According to Cruise Critic, some cruise ships have solo cabins priced for one passenger, but it's not common. For example, Royal Caribbean has some ships with single-occupancy staterooms, but my ship was not one of them.
The listed rates for my ship were per person, not per room like most hotels. When switching between one and two guests in my search, the cost per person doubled when I had just one person selected.
My total cost was $2,000 for an ocean-view stateroom. It would have cost about half the price per person if someone came with me.
I also think I would have enjoyed the cruise more with a travel companion.
Cruising on the world's largest ship alone was lonely at times.
I think my cruise would have been more fun if I brought a buddy with me. While there were many social activities and friendly cruisers who chatted with me, I longed to have a conversation with someone who knew me, and to share my travel experiences in new places with a loved one.
I usually enjoy solo trips, but being surrounded by so many families and groups of friends made me wish I could have been with mine, too.
When I'm traveling, I prefer the freedom to explore on my own and be spontaneous. But if I didn't plan my day on a cruise ship, I risked missing out on hard-to-get reservations.
A cruise will keep you busy; every day is full of things to do. In the mornings, I received a daily planner listing the day's timed events and activities.
I like to go with the flow on vacation, and that means not booking every hour of my day. But making spontaneous decisions proved challenging.
The specialty restaurants and all the shows on board required guests to make reservations through the Royal Caribbean app.
The circus-style acrobatic-water show in the AquaTheater, for example, was the most popular show — and the hardest reservation to get. I failed the first day, and ultimately didn't see the show until I scored a ticket two nights later.

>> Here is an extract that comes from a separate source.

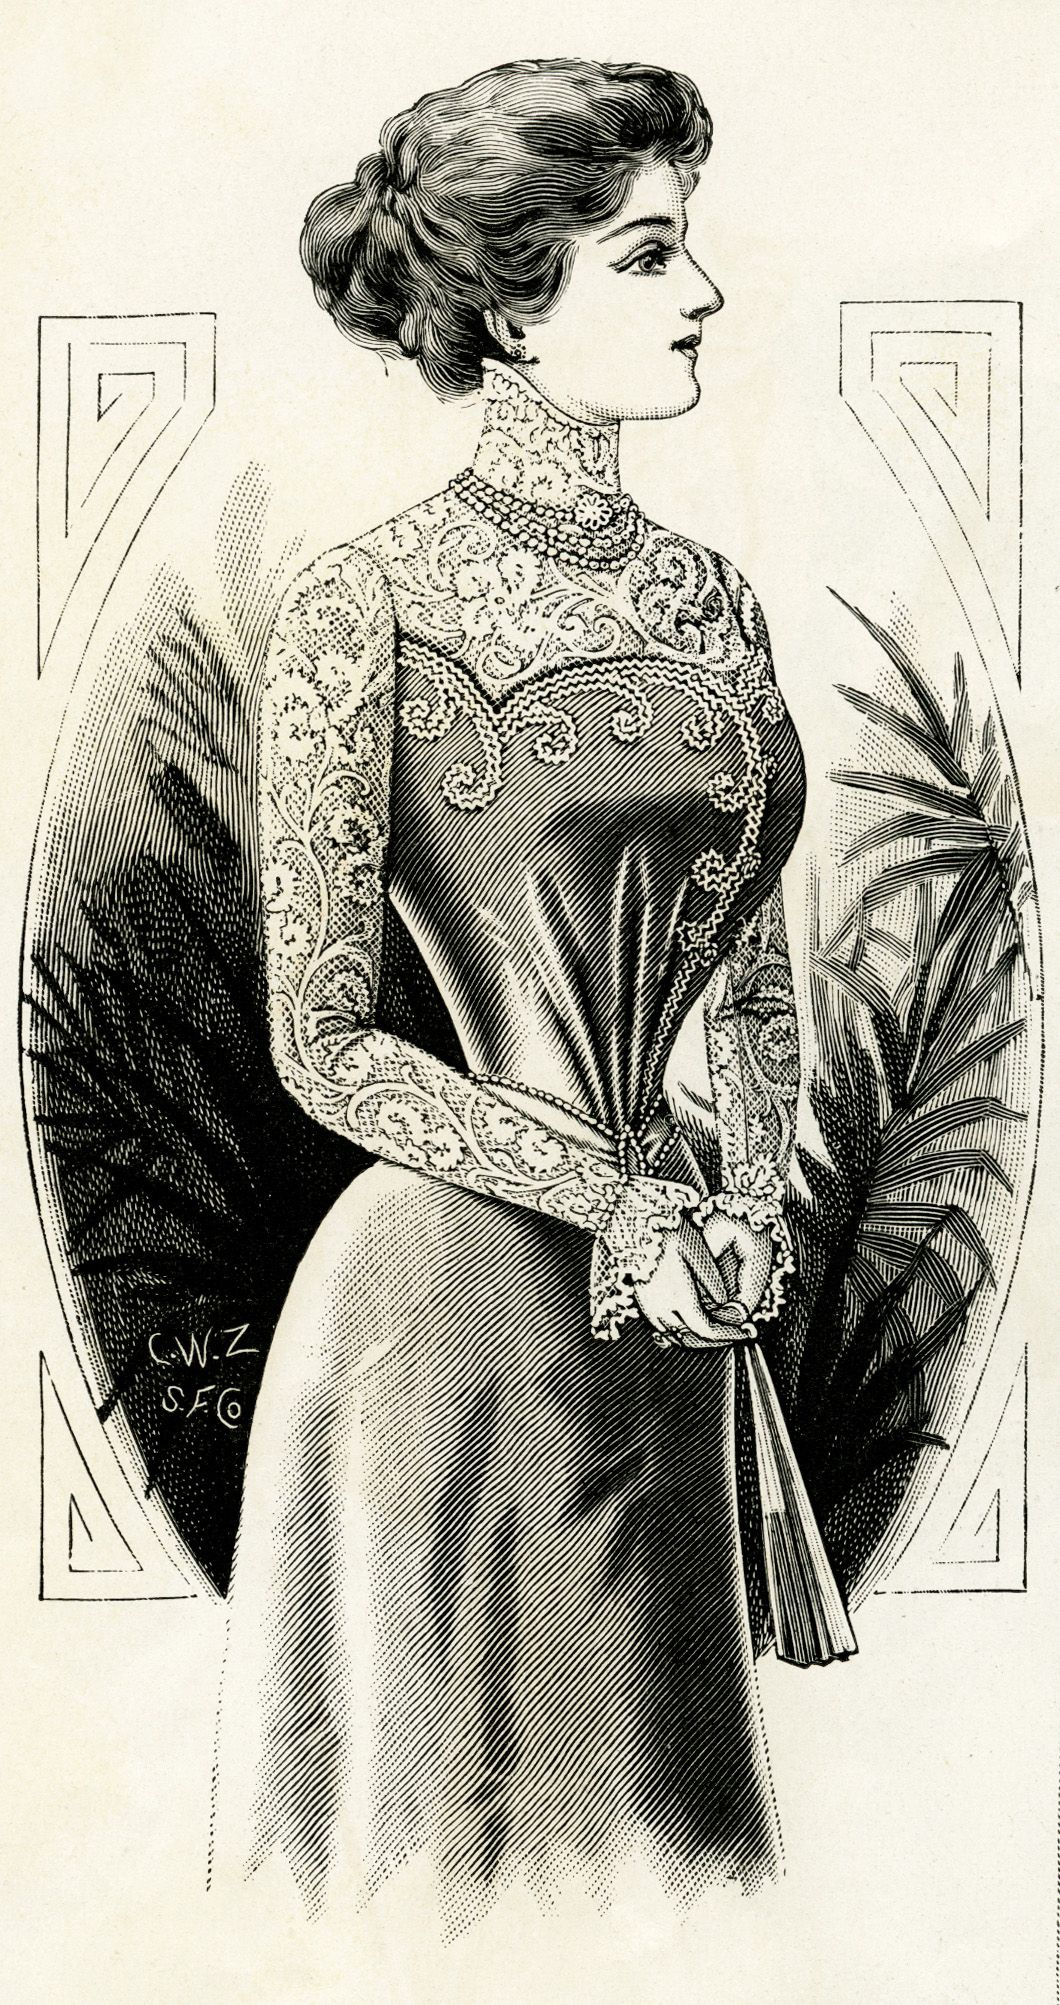 hight resolution of victorian clipart public domain public domain digital image graphic design resource antique designer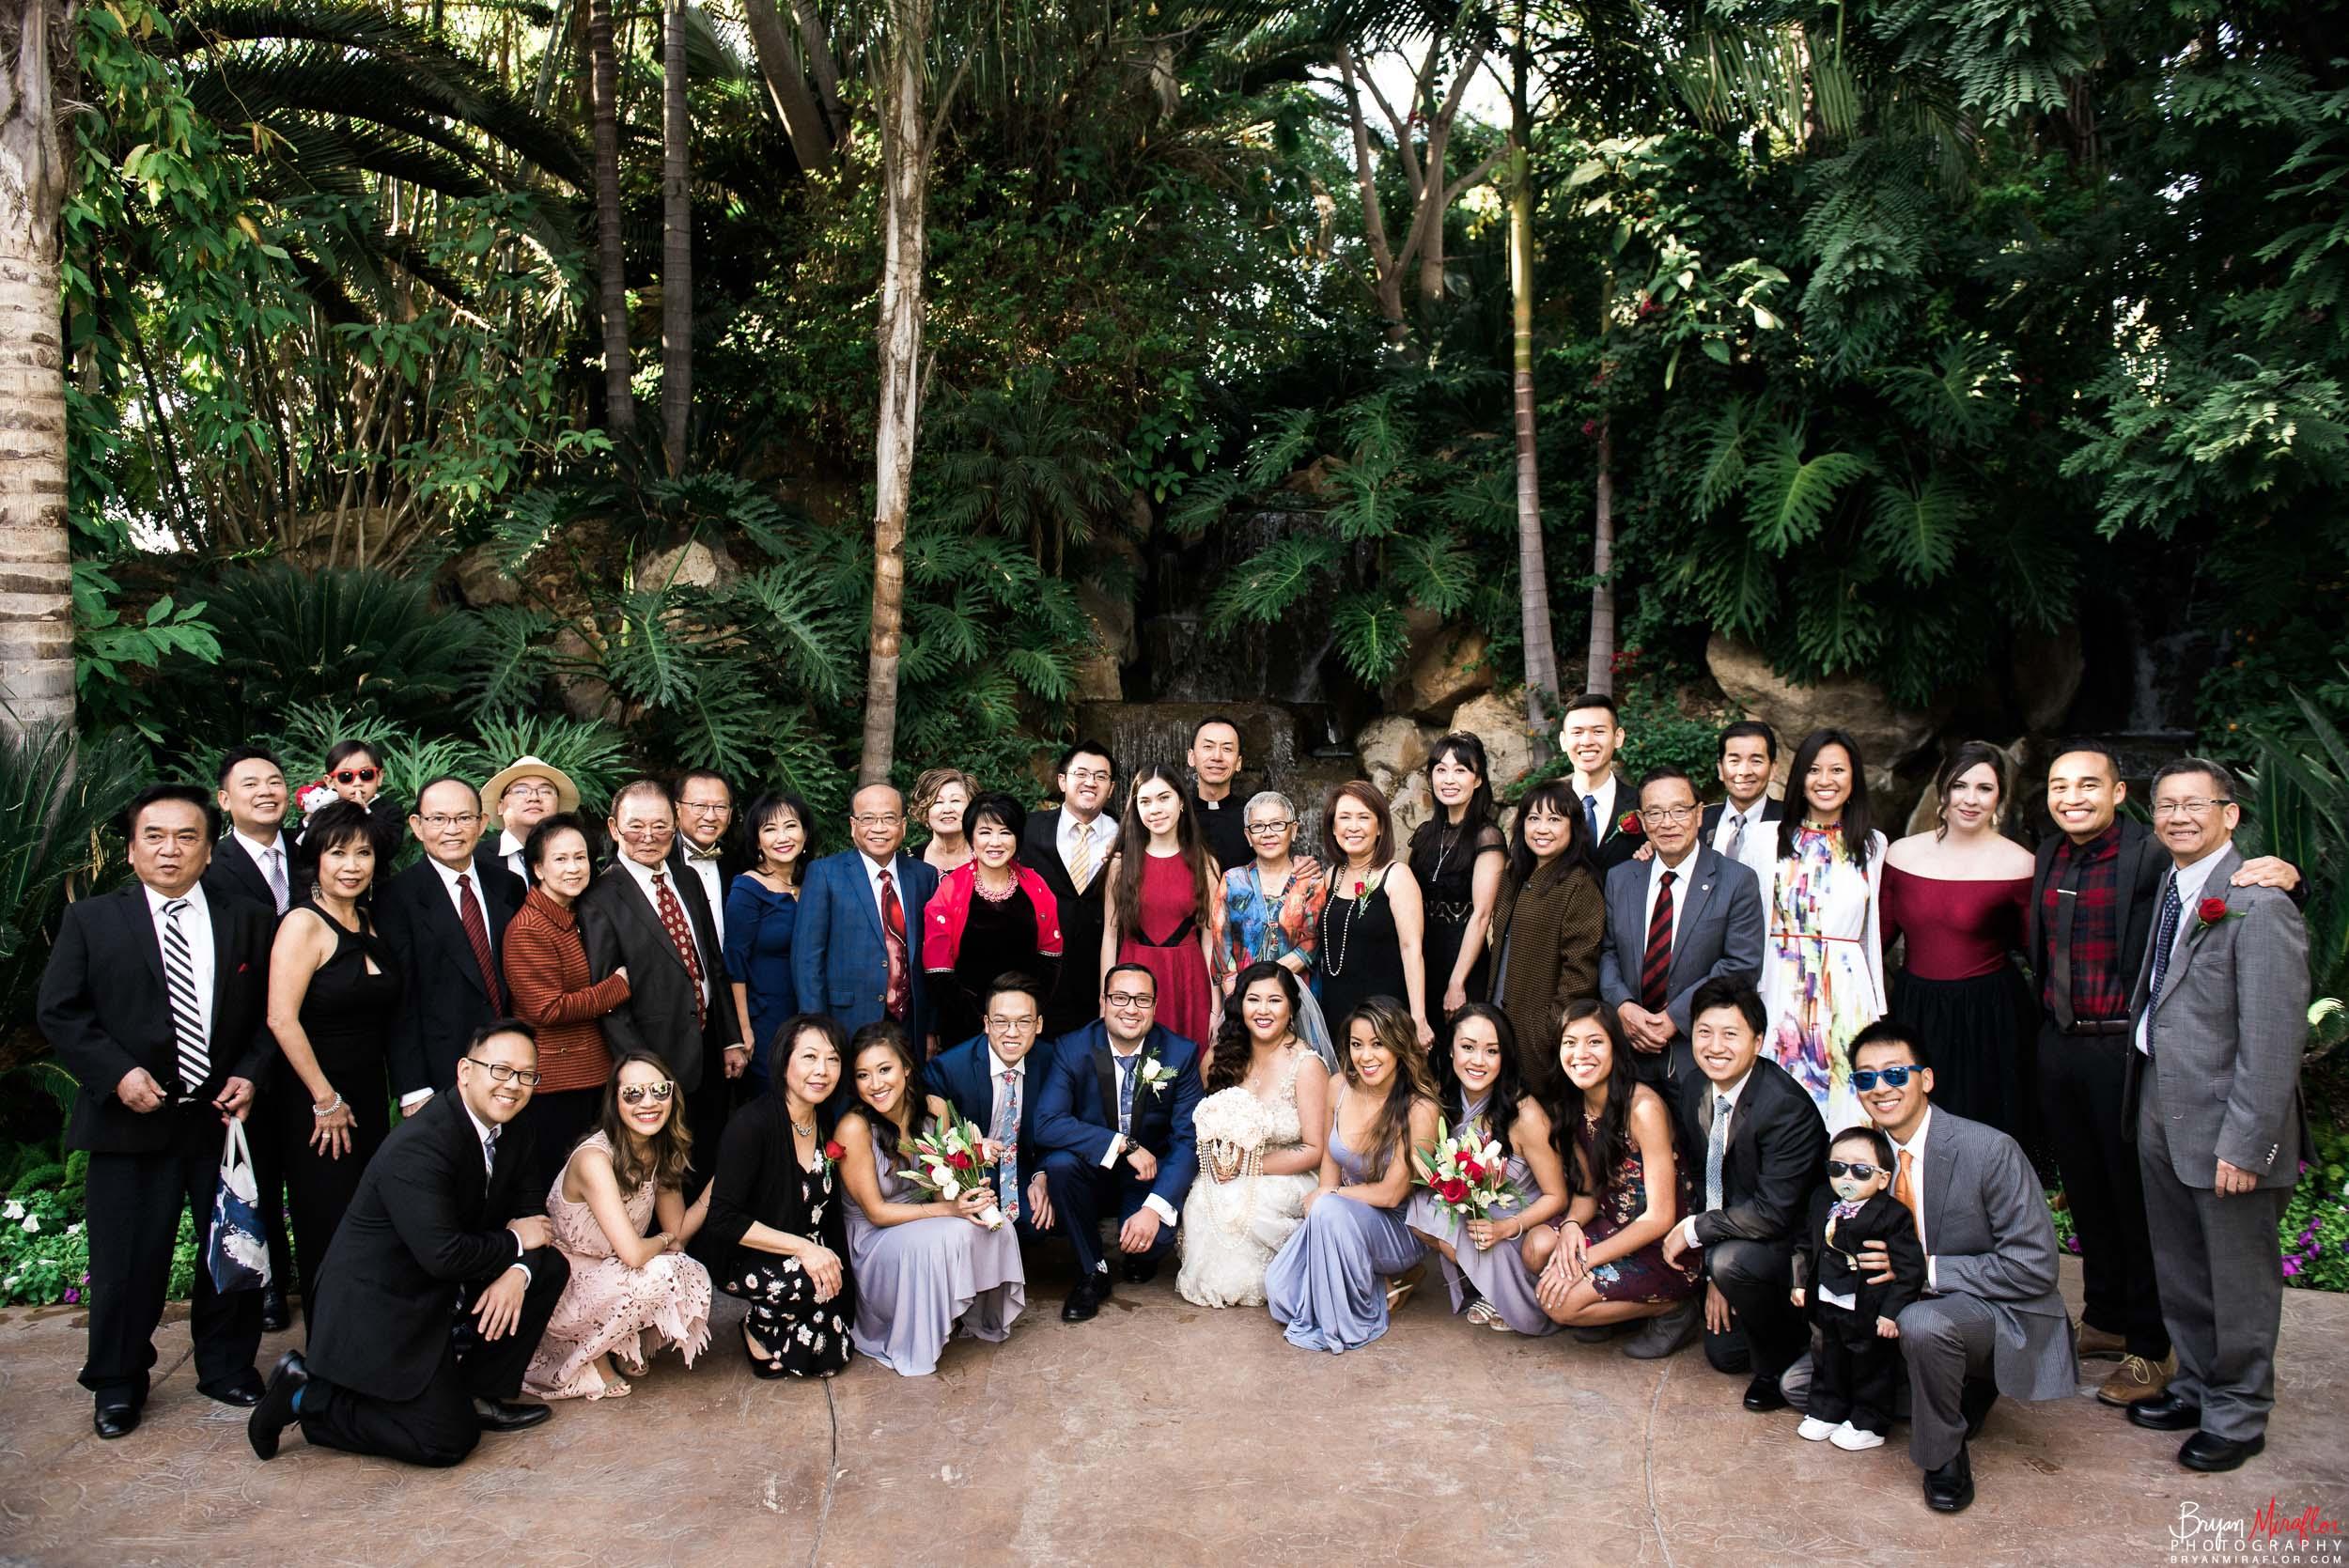 Bryan-Miraflor-Photography-Hannah-Jonathan-Married-Grand-Traditions-Estate-Gardens-Fallbrook-20171222-142.jpg

Other passengers seemed to like the system, and it was clearly the expectation by the cruise line. I, however, found the constant planning to be stressful.
I left the ship with the ideal cruise-goer in mind: a person who likes planning vacation itineraries, doesn't mind crowds of fellow passengers, and will commit to the thrill of a water slide. It just wasn't me.
Apart from reporting, I spent my cruise laying in the sun, exploring ports during excursions, and occasionally participating in activities like laser tag and rock climbing.
After spending seven nights on the largest cruise ship in the world, I can see why it would appeal to a traveler who likes all sorts of entertainment in one place, with the occasional excursion to a new destination.